Load balancing and expert collapse
MoE training has one characteristic failure mode: if the router learns to favor one expert overwhelmingly, that expert gets the bulk of the gradient signal and improves, while the others receive little signal and stagnate. You end up with one expert doing most of the work, which defeats the purpose.
To prevent this, MoE training adds an auxiliary load-balancing loss that penalizes the model when traffic to experts becomes too unequal. The goal is to keep utilization distributed across the available experts.
The tradeoff is real: too aggressive a load-balancing constraint forces tokens to sub-optimal experts for the sake of fairness, which hurts quality. Too permissive and you risk collapse. Papers in this area treat the balance between quality and utilization as a live research problem, not a solved one.
The memory constraint
Here’s what consistently surprises people. MoE models have lower compute requirements per inference step, but their memory requirements don’t shrink proportionally. All 46.7 billion parameters of Mixtral 8x7B need to sit in GPU memory, even though only 12.9 billion are doing active computation on any given token.

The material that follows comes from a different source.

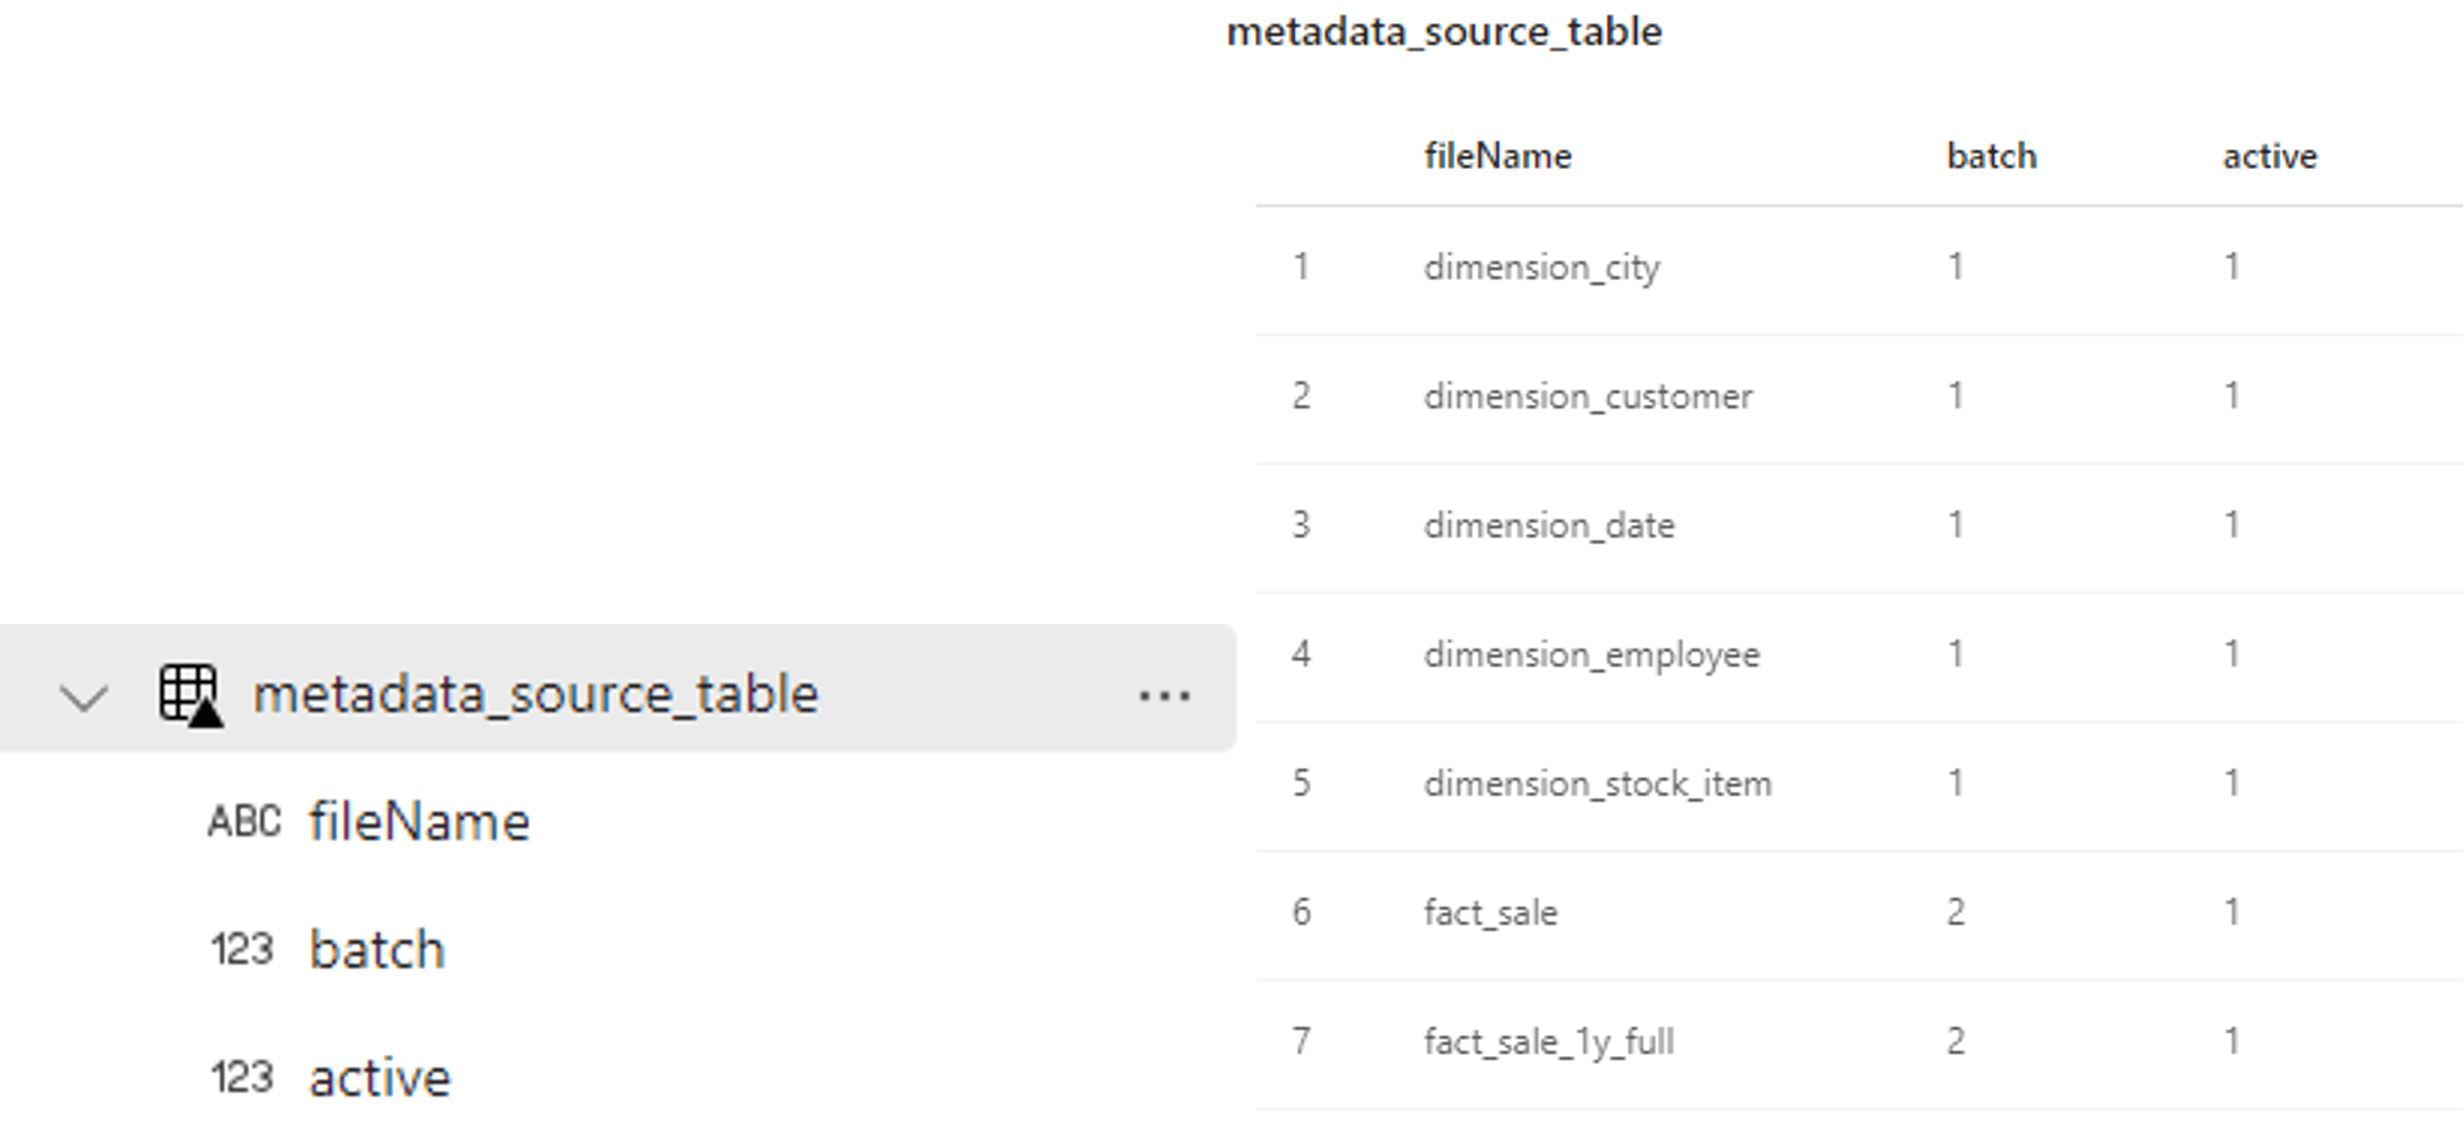 Metadata source table for Microsoft fabric data pipeline

You need the VRAM to hold the full model. A GPU that can comfortably run a 13B dense model can’t run Mixtral 8x7B without quantization. The compute savings are real, but memory footprint stays tied to total parameter count, not active parameter count. Local deployment planning has to account for this gap.
Why this matters in 2026
MoE is no longer experimental. Several of the most capable models publicly available use this architecture. Grok 1 from xAI is a confirmed MoE with 8 experts. DeepSeek V2 uses a refined variant called DeepSeekMoE that further separates shared from routed experts.
The pattern across all of them is the same: sparse activation allows teams to build models with far more total capacity than they could deploy economically as dense architectures. The representational richness of a very large model, at inference costs closer to a smaller one.
For developers and businesses in Africa integrating AI via API, this matters for a direct reason. The economics of sparse inference are better than dense inference at comparable capability levels. When frontier providers run enormous models behind APIs and still offer declining prices, MoE architecture is part of how that’s possible. The technology isn’t abstract: it’s in the cost structure of tools you’re already using.
The practical implication: stop comparing models by total parameter count as a proxy for capability or cost. A large MoE and a smaller dense model can be similar in inference cost while being very different in capability. Understanding which dimension matters for your use case requires knowing what kind of model you’re working with.
Common misconceptions
“Experts specialize by topic.” Appealing intuition, but not quite right. Experts do develop behavioral patterns, but they’re not cleanly sorted by subject matter in most analyses. You can’t say “expert 3 handles legal text” with confidence. The specializations are subtler and less interpretable than that.
“MoE always beats dense models of the same total size.” The advantage of MoE is in matching performance while reducing inference FLOPs, not in getting more capability from a fixed parameter budget. A well-trained dense model at equivalent active parameters is competitive.
“You can run a large MoE with the same memory as a model of its active size.” Wrong. Memory scales with total parameters. Compute scales with active parameters. People confuse these constantly. Plan for total size when estimating VRAM requirements.
“GPT-4 is definitely a MoE.” Plausible but unconfirmed by OpenAI. Architecture details for most frontier models remain proprietary. Speculating that all frontier models are MoE because some are is an inference error.